§ **Given information**
....

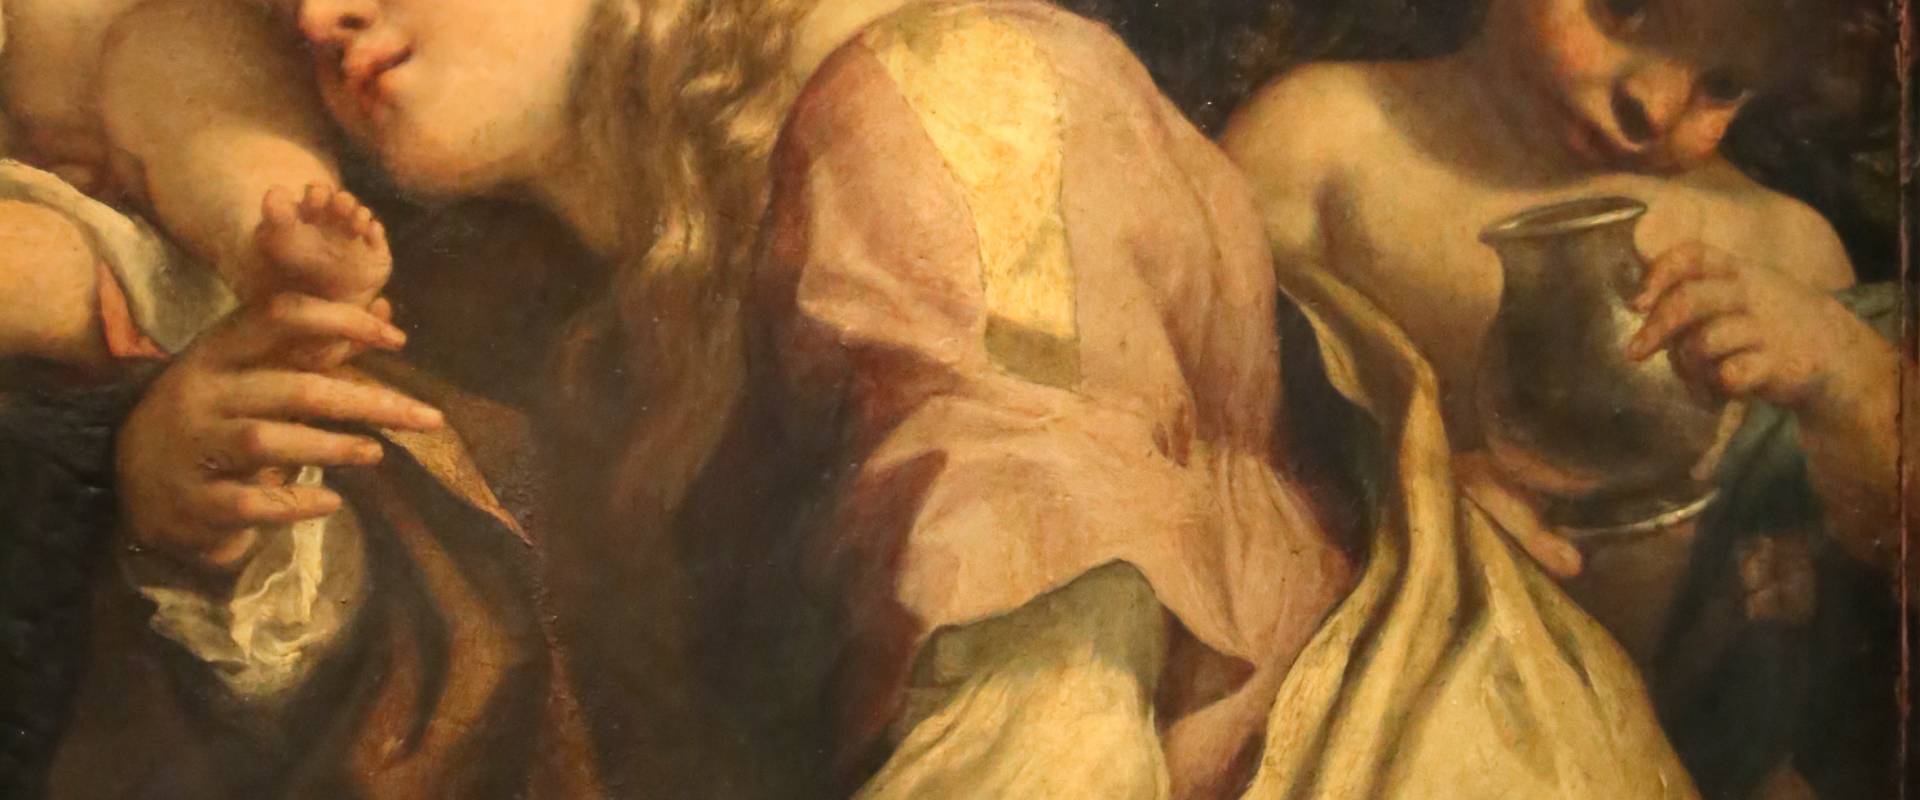 Correggio, madonna di san girolamo, o il giorno, 1528 ca. 05 maddalena foto di Sailko
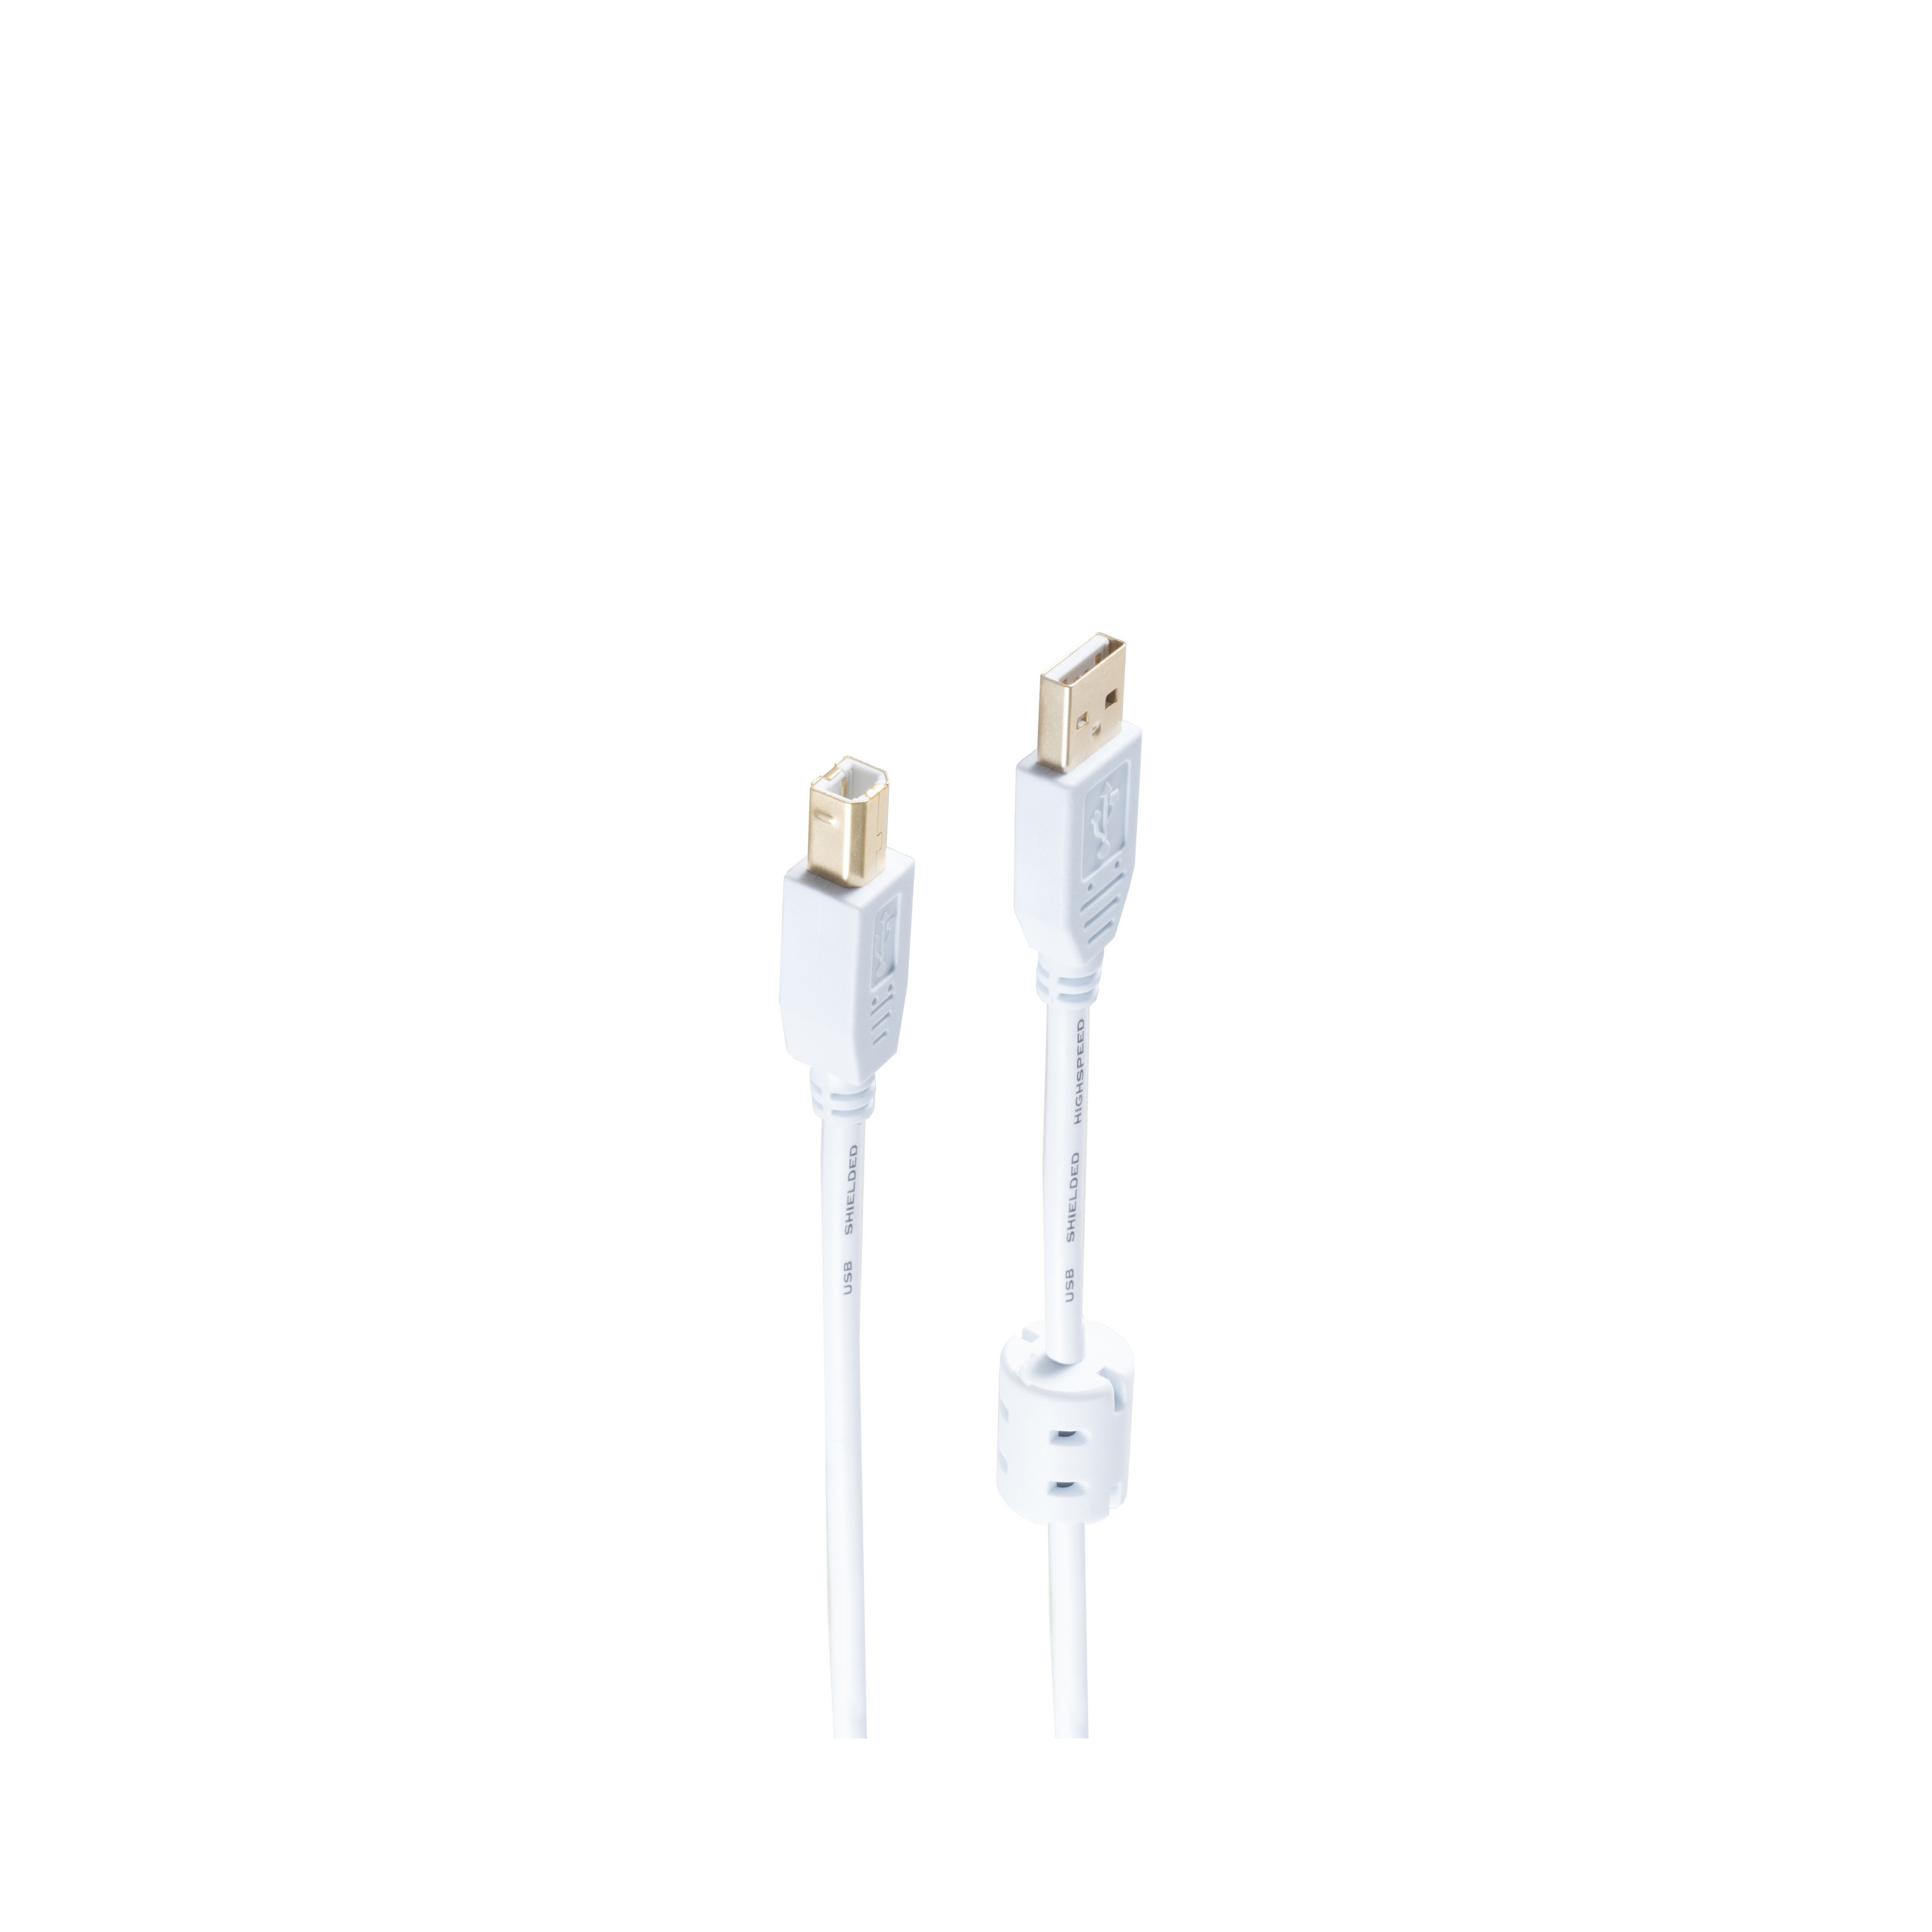 Kabel 2.0 weiß USB SHIVERPEAKS 3m Kabel A USB St. St.+Ferrit/B USB verg.
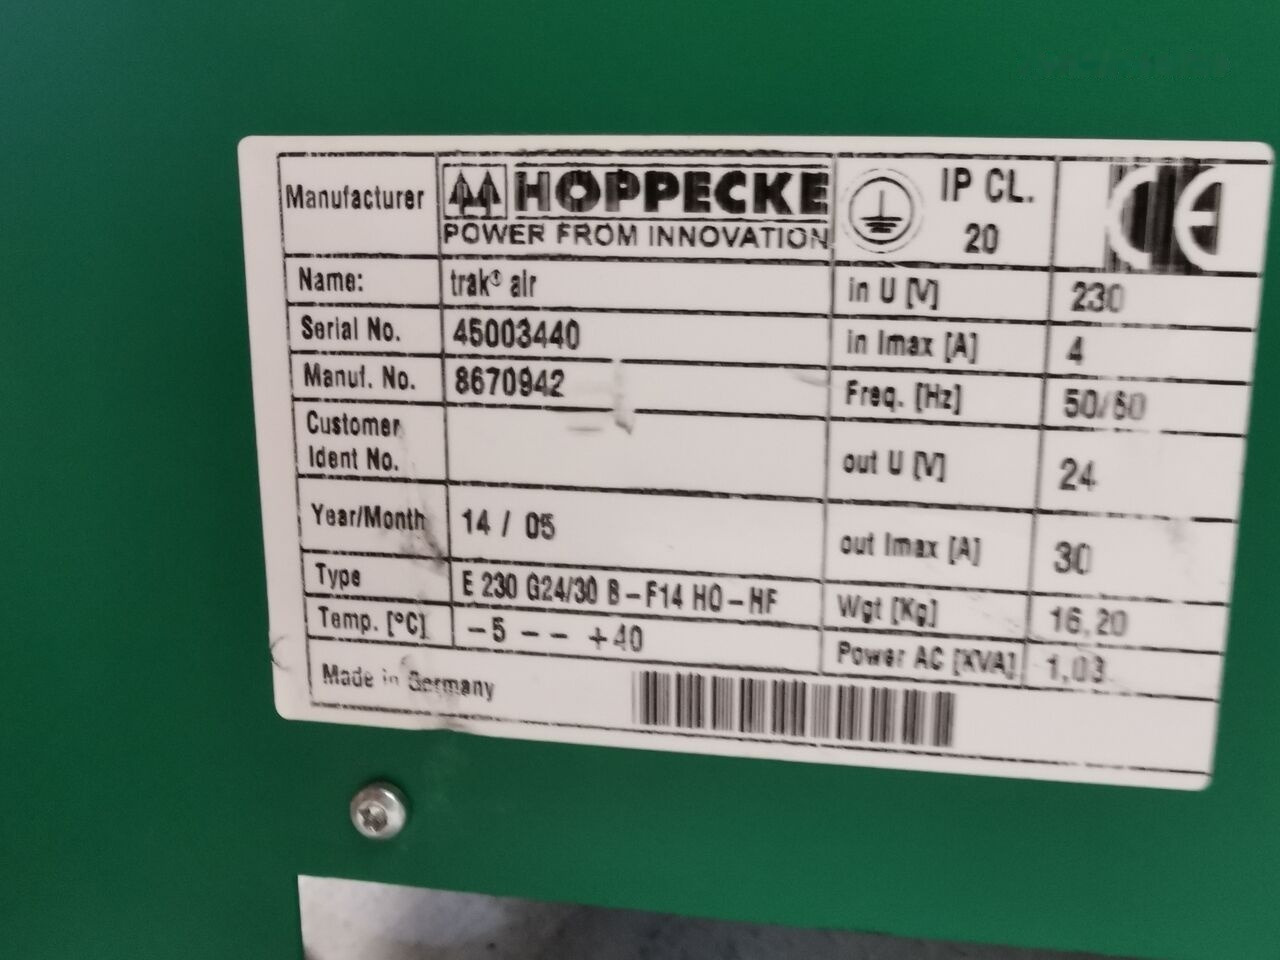 Acumulador para Carretilla elevadora Hoppecke E230 G24/30  for Hoppecke E 230 G24/30 B- F14 electric forklift: foto 3
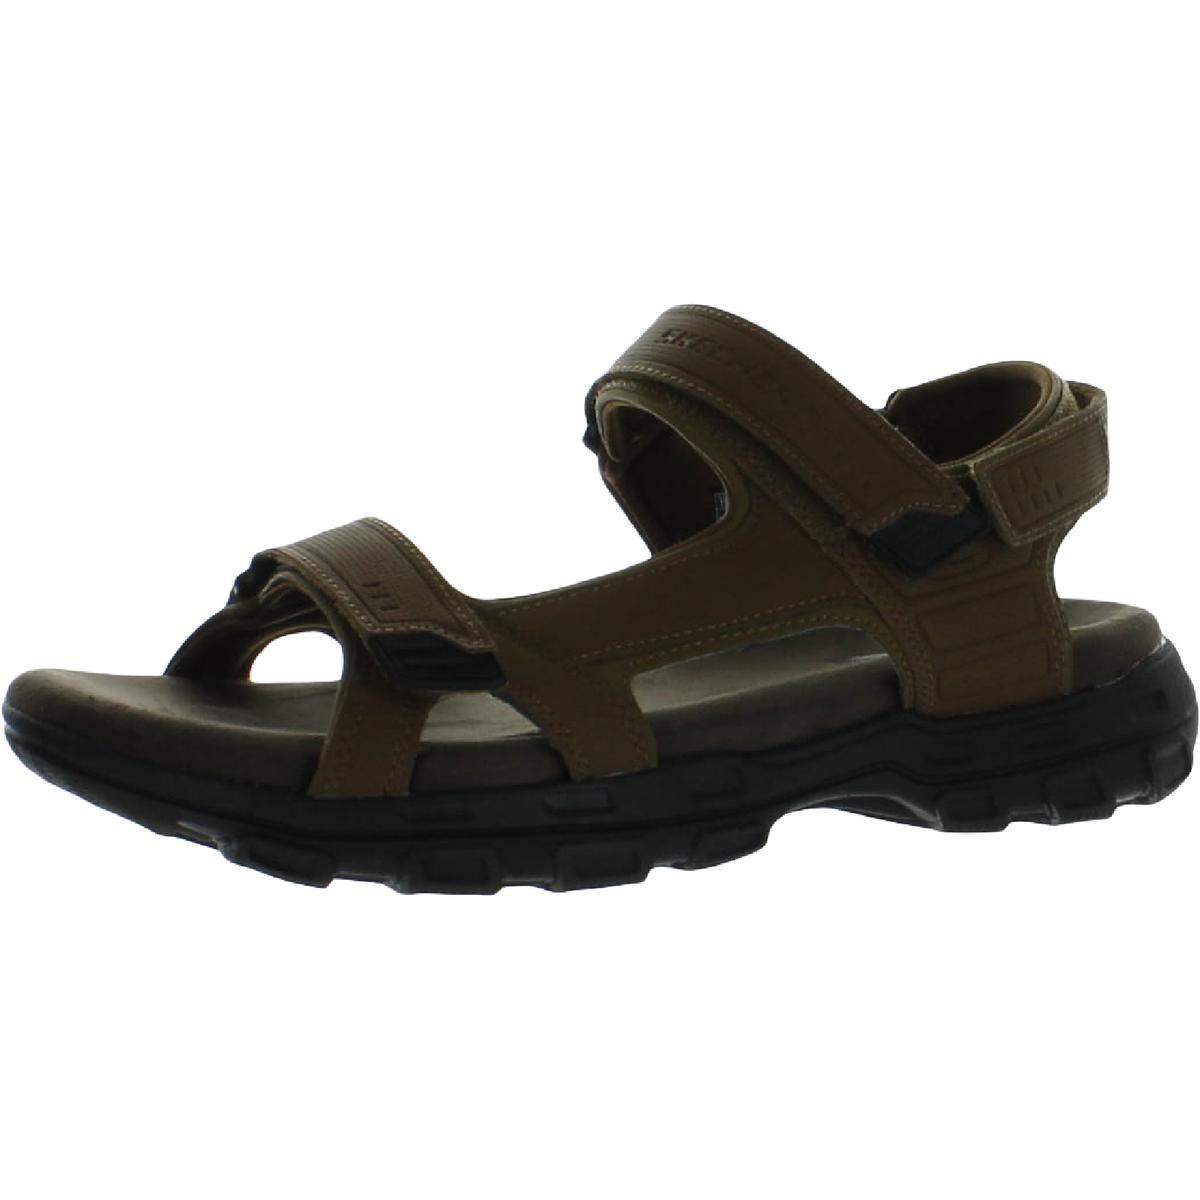 Skechers Mens Garver-louden Sport Slip On Slide Sandals Shoes Bhfo 6606 Brown

....

§ **Exercise brief**
Every line from the one containing "Kabel 2.0 weiß" through the last line of the listing must be written out again exactly, and no other line. Leave the pictures aside.

§ **Exercise output**
 Kabel 2.0 weiß USB SHIVERPEAKS 3m Kabel A USB St. St.+Ferrit/B USB verg.
 Acumulador para Carretilla elevadora Hoppecke E230 G24/30  for Hoppecke E 230 G24/30 B- F14 electric forklift: foto 3
 Skechers Mens Garver-louden Sport Slip On Slide Sandals Shoes Bhfo 6606 Brown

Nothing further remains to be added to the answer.